Also, may be related to minio/minio#2743.
Here's my setup, using Alpha channel of CoreOS and libvirt:
export KUBERNETES_PROVIDER=libvirt-coreos && export NUM_NODES=4
./cluster/kube-up.sh
# wait for etcd to settle
helmc install workflow-v2.5.0
# wait for kubernetes cluster to all be ready
deis pull 192.168.57.10:5000/aergo-server:1.0.0-SNAPSHOT -a aergo-server
Worked with @harshavardhana from the minio crew to try to troubleshoot this.
For whatever reason, during our teleconsole session, I was able to successfully push the image into the deis-registry-proxy
- but then saw the same dial i/o timeout
but in a different context. This time, it was while pulling the image from the proxy, during the image app:deploy
phase.
NOTE: you can ignore the 404 below - v4 of the aergo-server
doesn't exist since I've restarted the minio pod several times during troubleshooting. The v5 release is definitely stored in minio, as can be seen in the mc ls
command at the bottom of this post.
INFO [aergo-server]: build aergo-server-49c7405 created
INFO [aergo-server]: rbellamy deployed 192.168.57.10:5000/aergo-server:1.0.0-SNAPSHOT
INFO Pulling Docker image 192.168.57.10:5000/aergo-server:1.0.0-SNAPSHOT
INFO Tagging Docker image 192.168.57.10:5000/aergo-server:1.0.0-SNAPSHOT as localhost:5555/aergo-server:v5
INFO Pushing Docker image localhost:5555/aergo-server:v5
INFO Pulling Docker image localhost:5555/aergo-server:v5
INFO [aergo-server]: adding 5s on to the original 120s timeout to account for the initial delay specified in the liveness / readiness probe
INFO [aergo-server]: This deployments overall timeout is 125s - batch timout is 125s and there are 1 batches to deploy with a total of 1 pods
INFO [aergo-server]: waited 10s and 1 pods are in service
INFO [aergo-server]: waited 20s and 1 pods are in service
INFO [aergo-server]: waited 30s and 1 pods are in service
INFO [aergo-server]: waited 40s and 1 pods are in service
ERROR [aergo-server]: There was a problem deploying v5. Rolling back process types to release v4.

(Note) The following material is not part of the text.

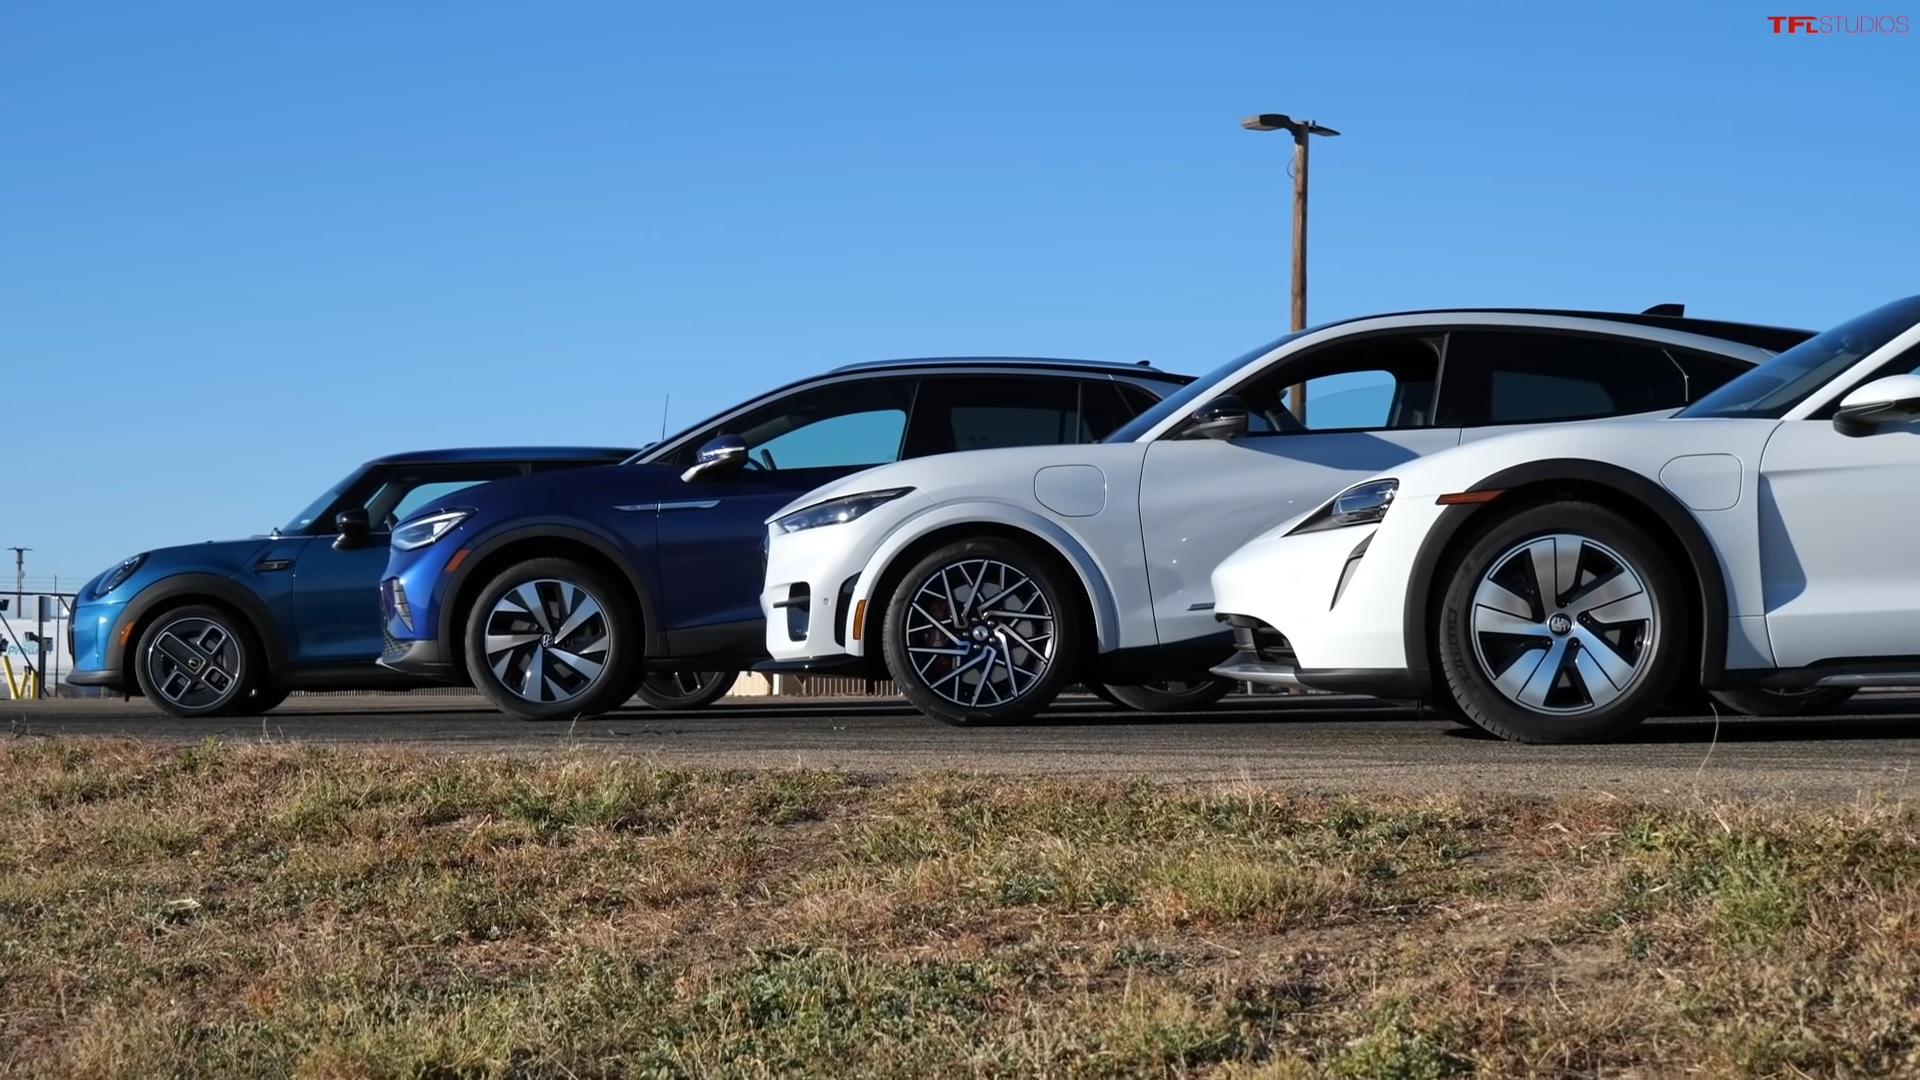 Porsche Taycan vs. Mach-E vs. ID.4 vs. Cooper SE Acceleration Test Yields Obvious Winner

INFO Pulling Docker image localhost:5555/aergo-server:v4
INFO Pulling Docker image localhost:5555/aergo-server:v4
INFO Pulling Docker image localhost:5555/aergo-server:v4
INFO Pulling Docker image localhost:5555/aergo-server:v4
INFO Pulling Docker image localhost:5555/aergo-server:v4
INFO Pulling Docker image localhost:5555/aergo-server:v4
INFO Pulling Docker image localhost:5555/aergo-server:v4
INFO Pulling Docker image localhost:5555/aergo-server:v4
INFO Pulling Docker image localhost:5555/aergo-server:v4
ERROR [aergo-server]: (app::deploy): image aergo-server:v4 not found
ERROR:root:(app::deploy): image aergo-server:v4 not found
Traceback (most recent call last):
File "/app/scheduler/__init__.py", line 168, in deploy
deployment = self.deployment.get(namespace, name).json()
File "/app/scheduler/resources/deployment.py", line 29, in get
raise KubeHTTPException(response, message, *args)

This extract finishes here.